§ **BRIEF**: Repeat each entry below exactly, omitting any picture it holds.

§ **RECORD SET**:
**********
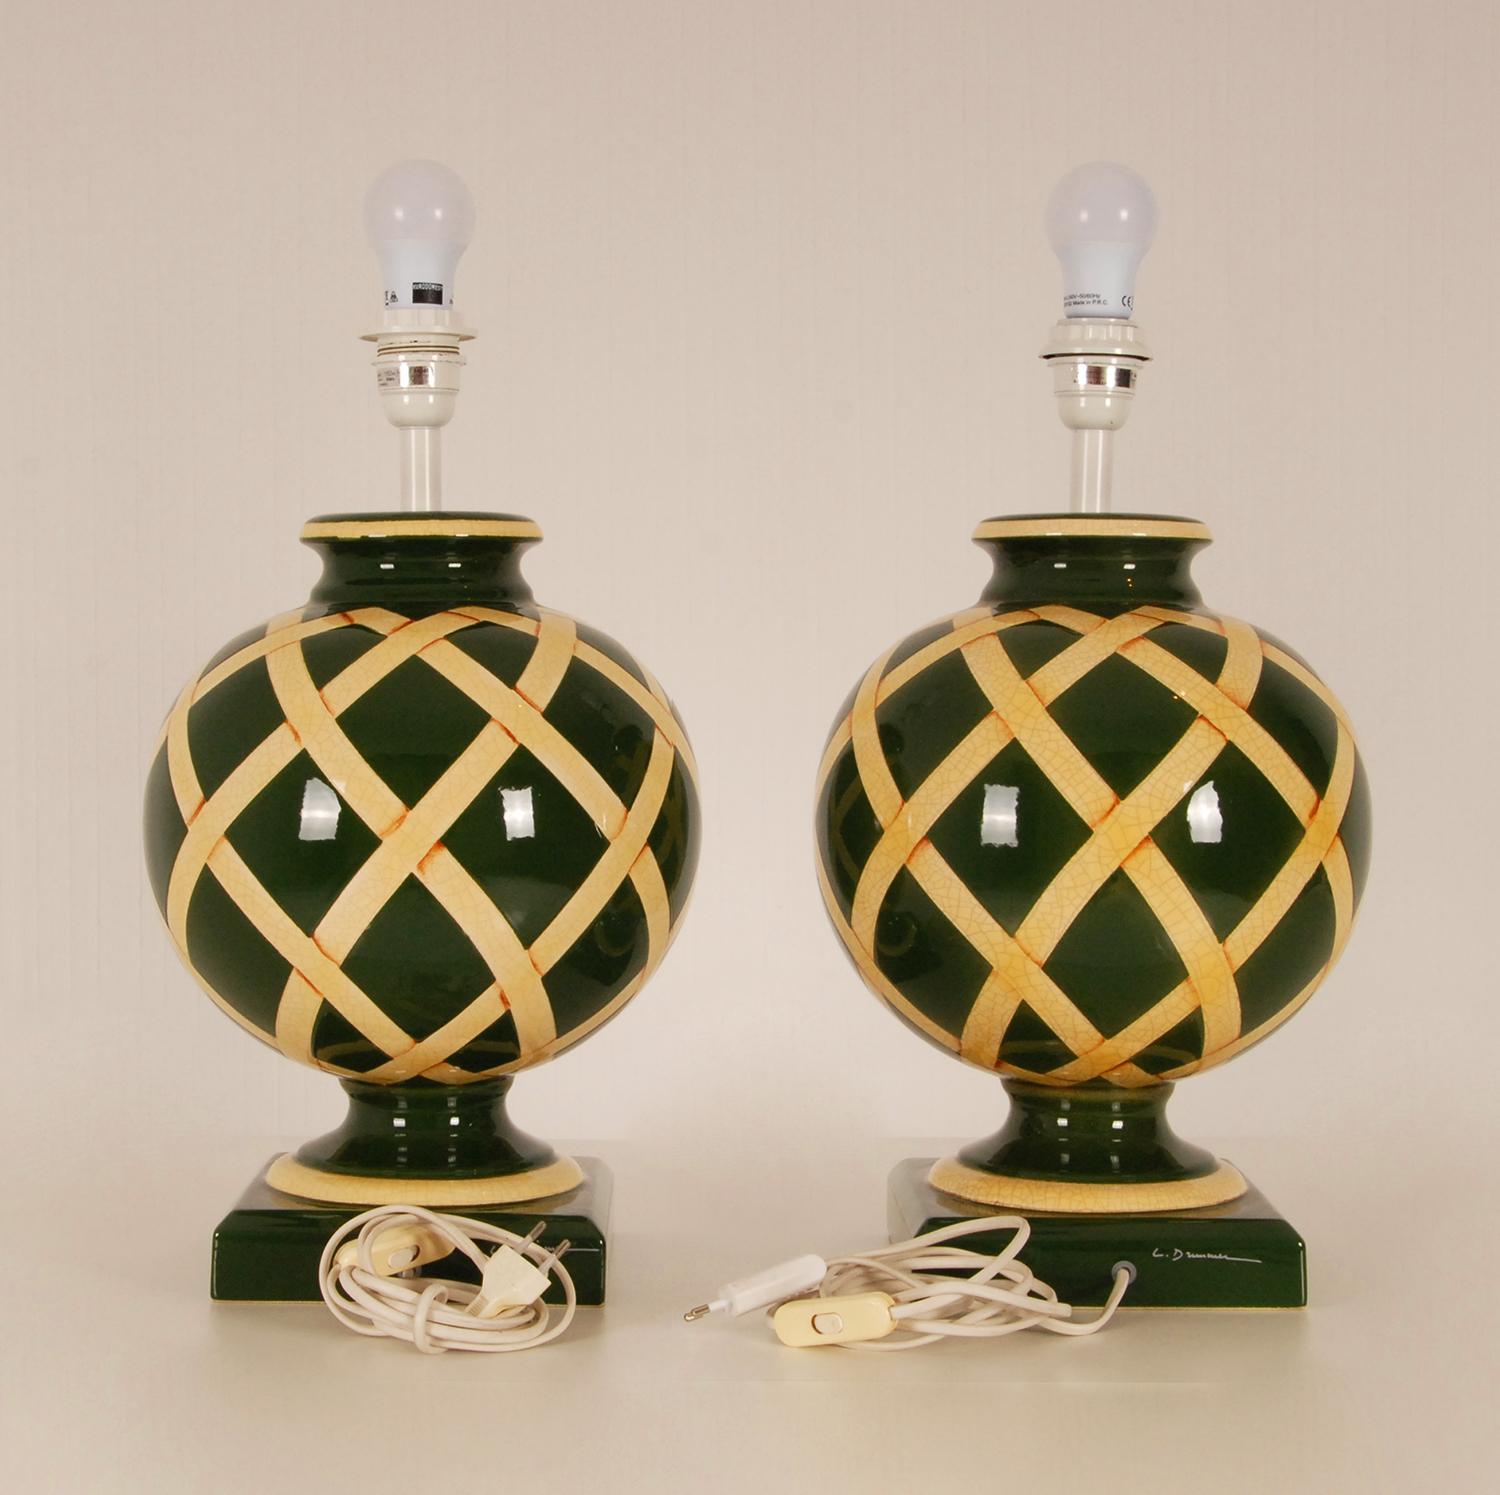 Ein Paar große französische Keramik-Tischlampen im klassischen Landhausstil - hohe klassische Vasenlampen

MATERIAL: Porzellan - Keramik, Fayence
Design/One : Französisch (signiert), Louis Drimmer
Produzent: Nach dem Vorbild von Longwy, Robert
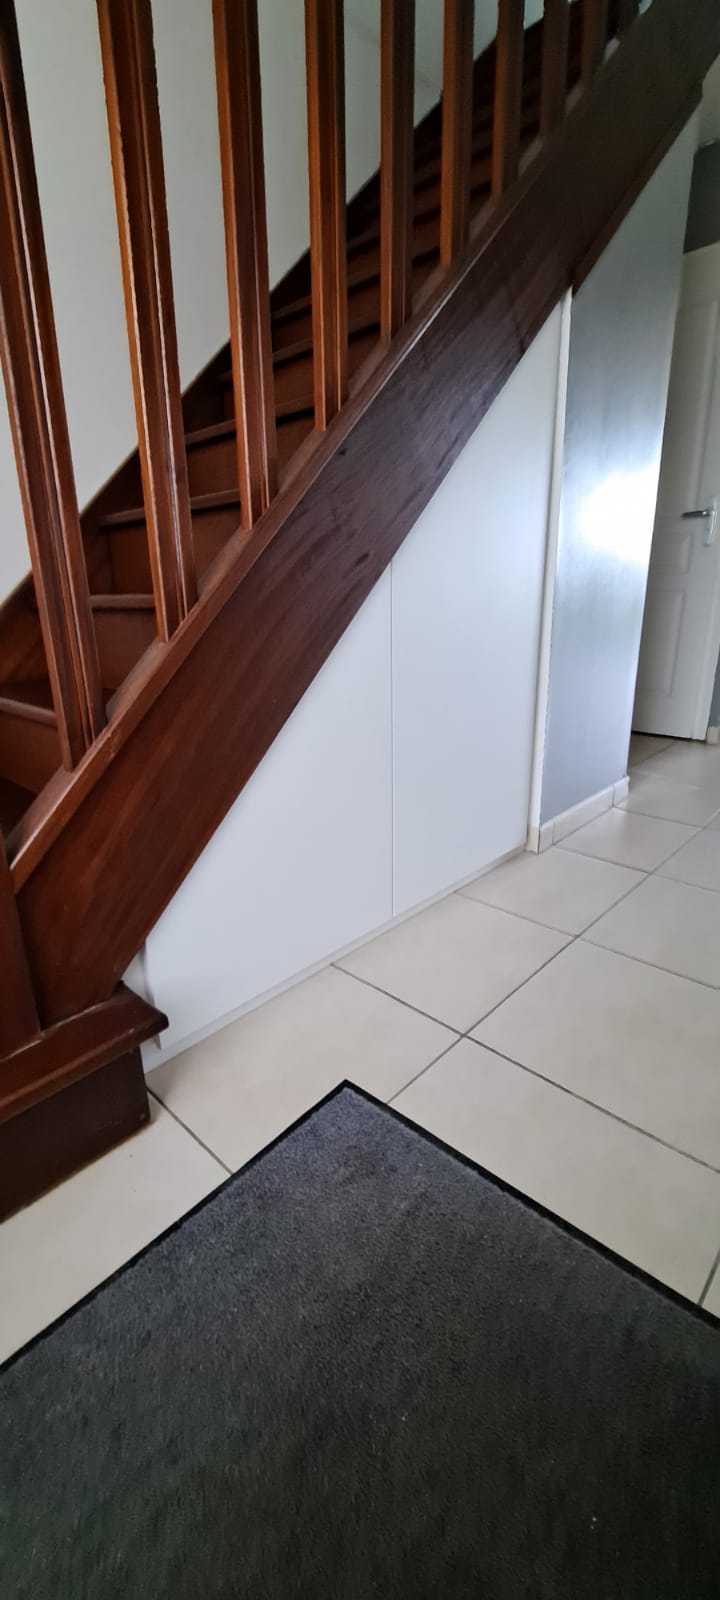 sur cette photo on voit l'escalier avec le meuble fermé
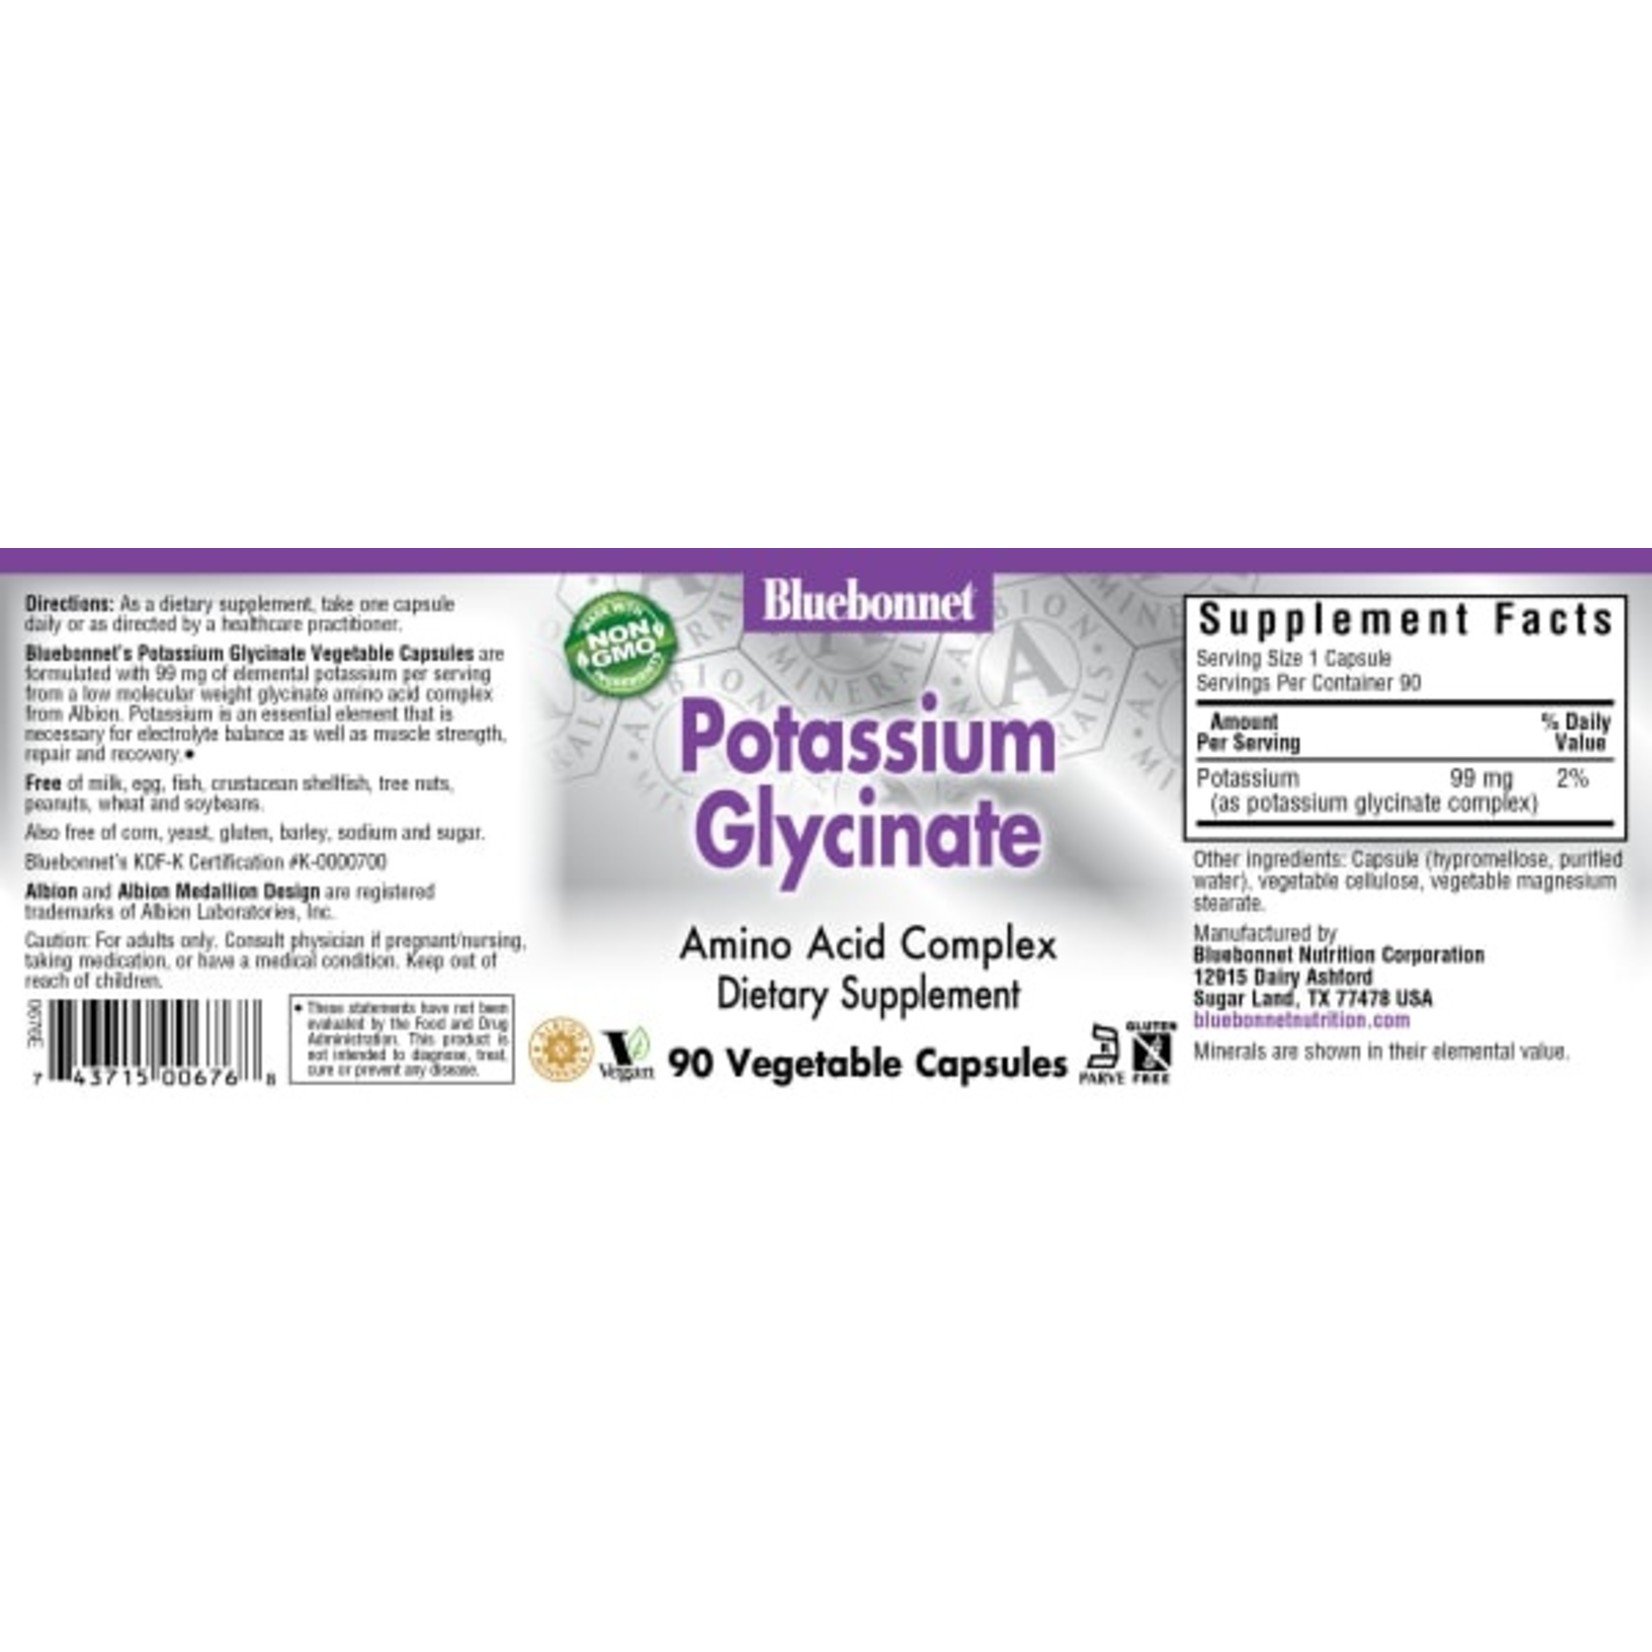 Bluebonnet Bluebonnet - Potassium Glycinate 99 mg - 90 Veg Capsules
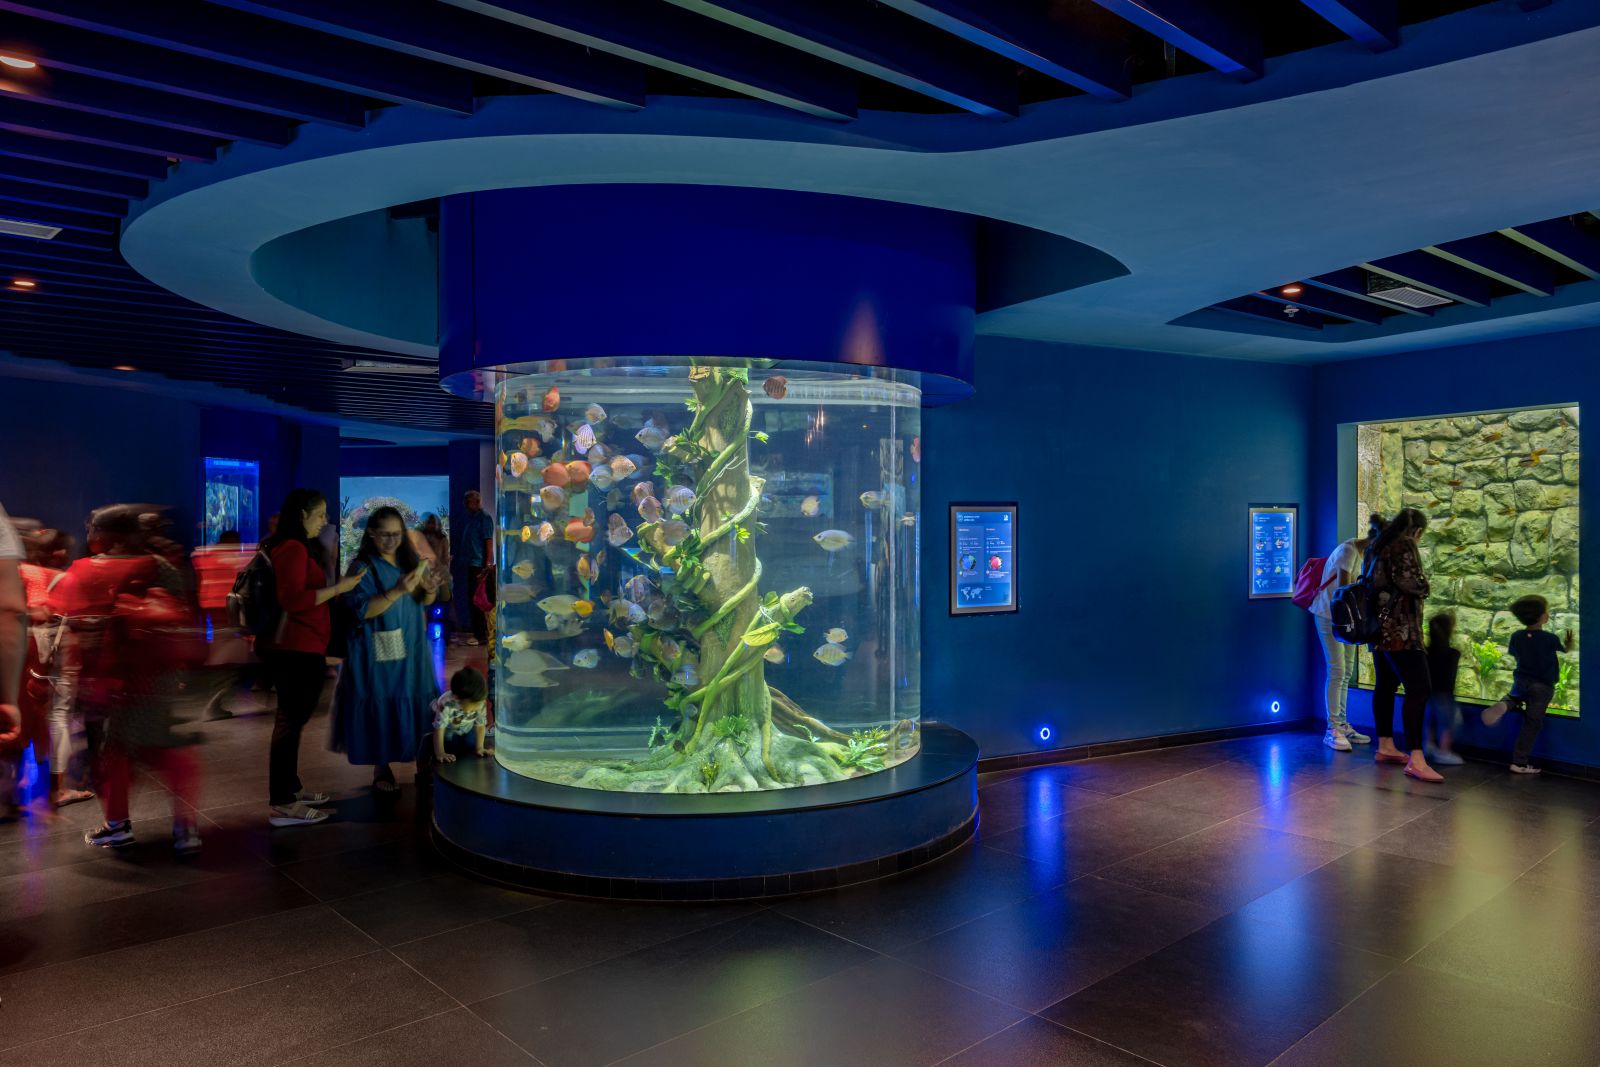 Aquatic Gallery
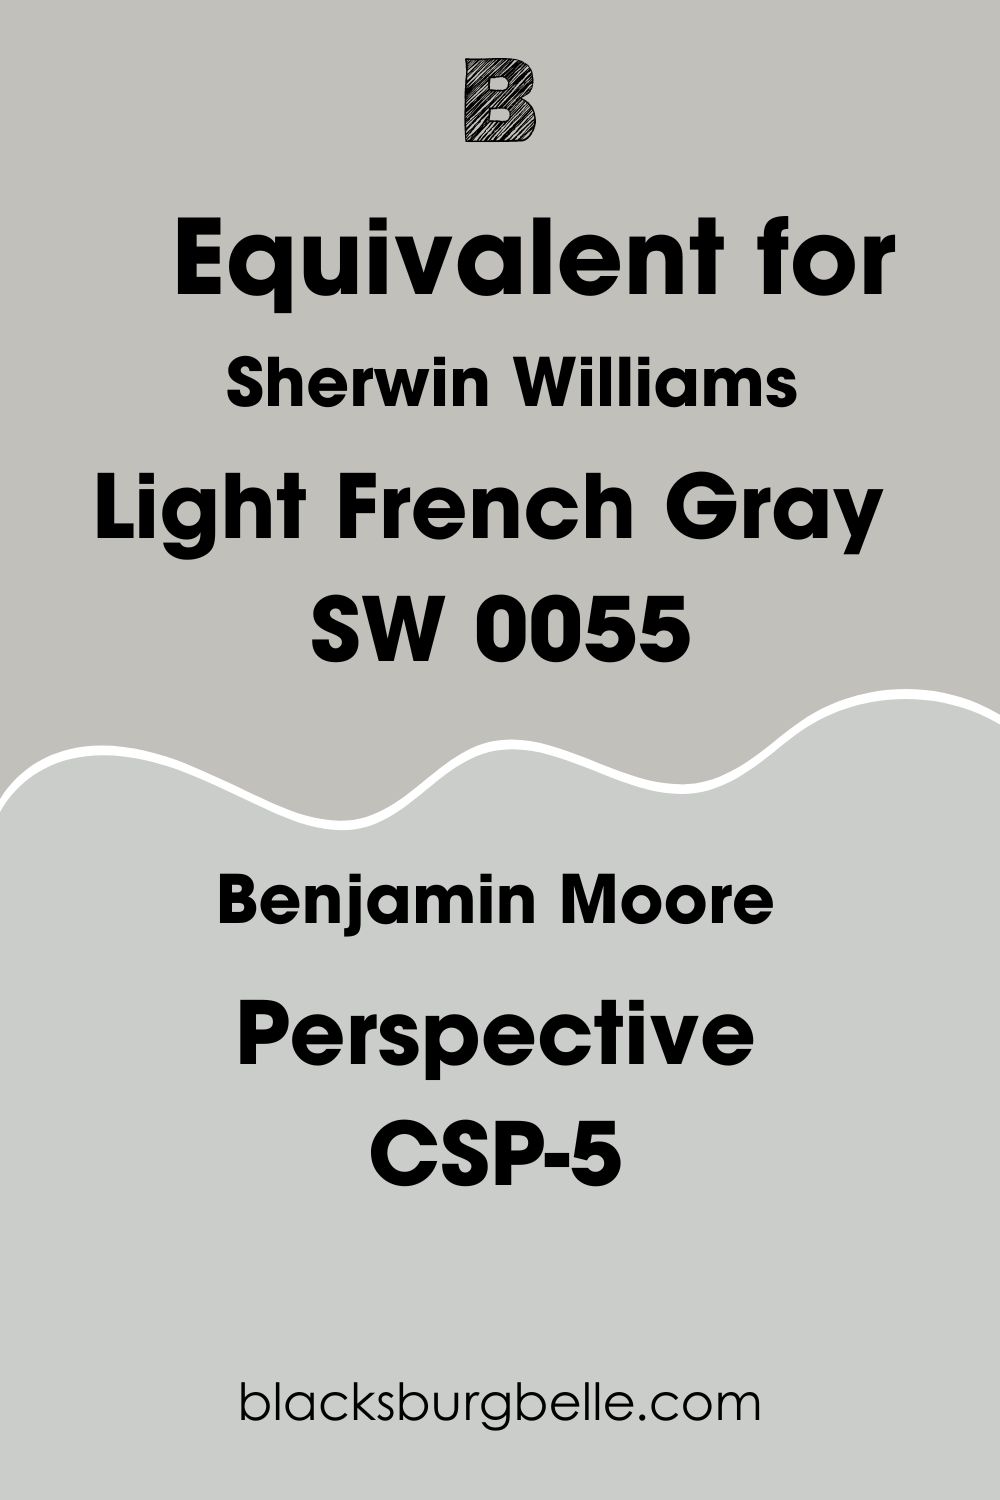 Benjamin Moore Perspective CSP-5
**********
§ **RESULT OF THIS TASK**:
 Ein Paar große französische Keramik-Tischlampen im klassischen Landhausstil - hohe klassische Vasenlampen

MATERIAL: Porzellan - Keramik, Fayence
Design/One : Französisch (signiert), Louis Drimmer
Produzent: Nach dem Vorbild von Longwy, Robert
 sur cette photo on voit l'escalier avec le meuble fermé
 Bluebonnet Bluebonnet - Potassium Glycinate 99 mg - 90 Veg Capsules
 Aquatic Gallery
 Benjamin Moore Perspective CSP-5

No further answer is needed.